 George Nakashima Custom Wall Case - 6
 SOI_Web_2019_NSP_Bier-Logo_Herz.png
* * *
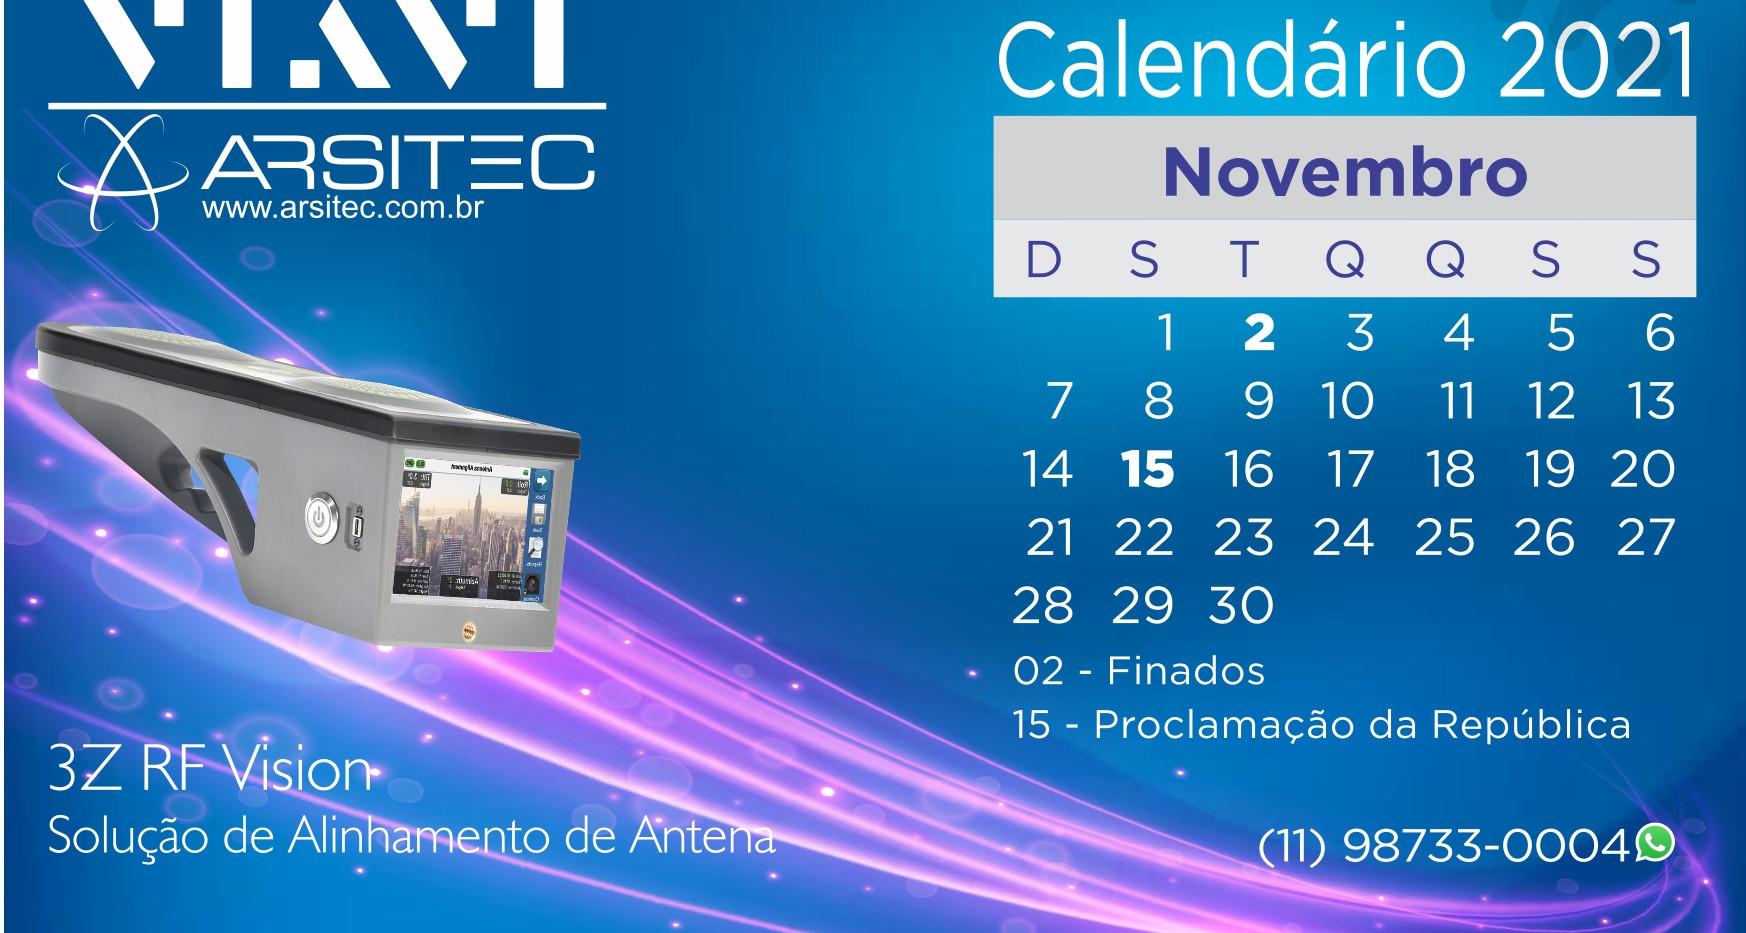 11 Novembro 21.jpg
---
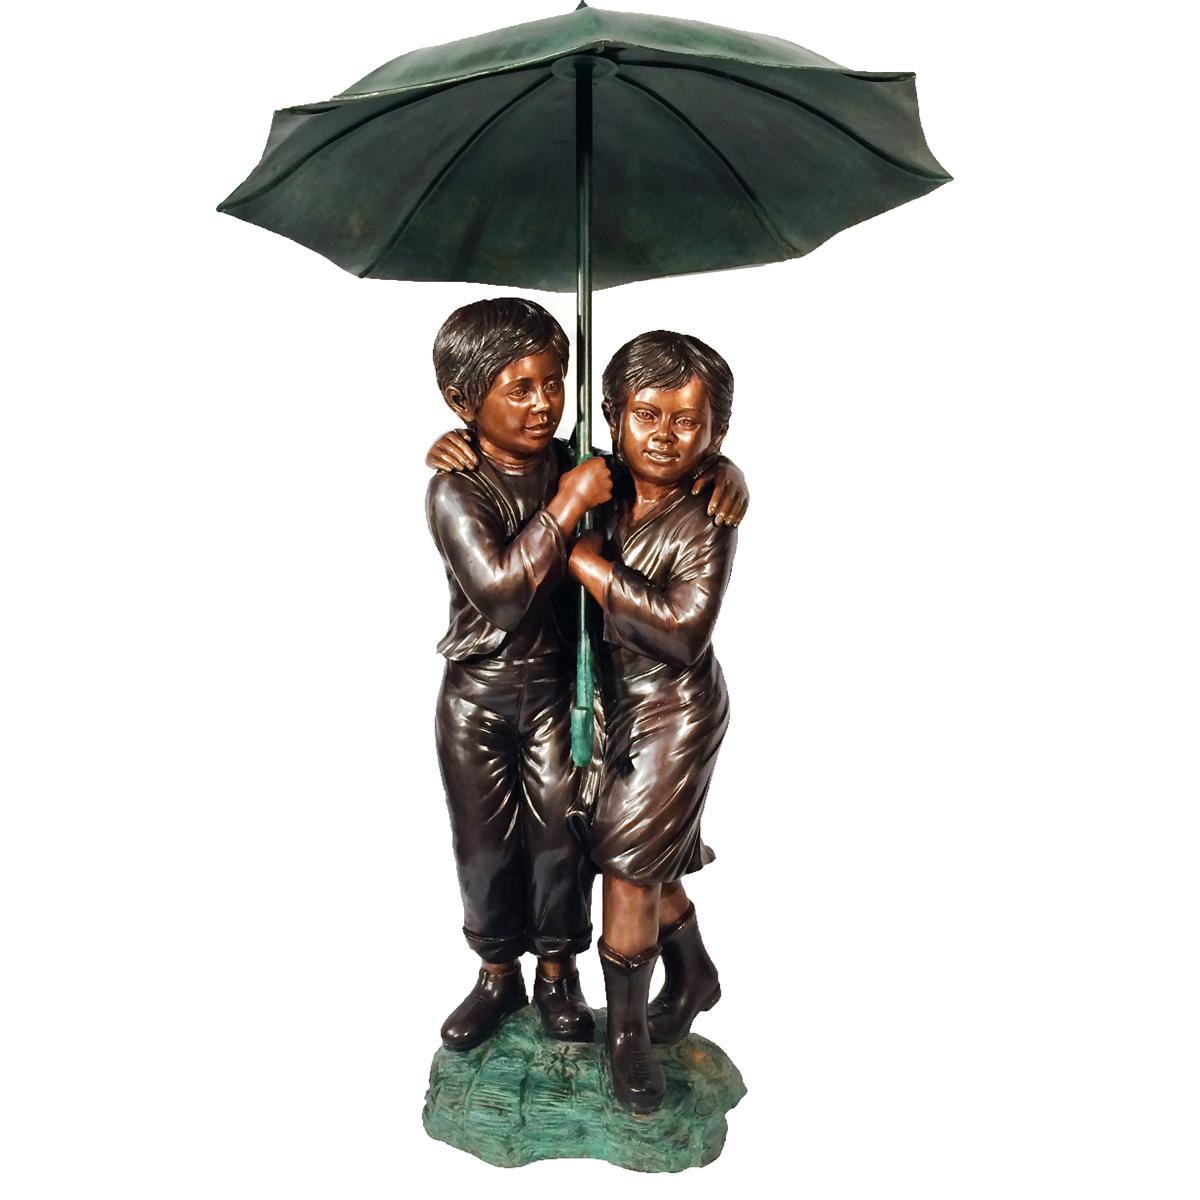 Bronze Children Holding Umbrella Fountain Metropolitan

_Work to complete_
In the entries above, the lines from the one bearing "George Nakashima Custom Wall Case - 6" up to and including the one bearing "SOI_Web_2019_NSP_Bier-Logo_Herz.png" should be transcribed exactly; no other line is wanted.

_Exercise answer_
 George Nakashima Custom Wall Case - 6
 SOI_Web_2019_NSP_Bier-Logo_Herz.png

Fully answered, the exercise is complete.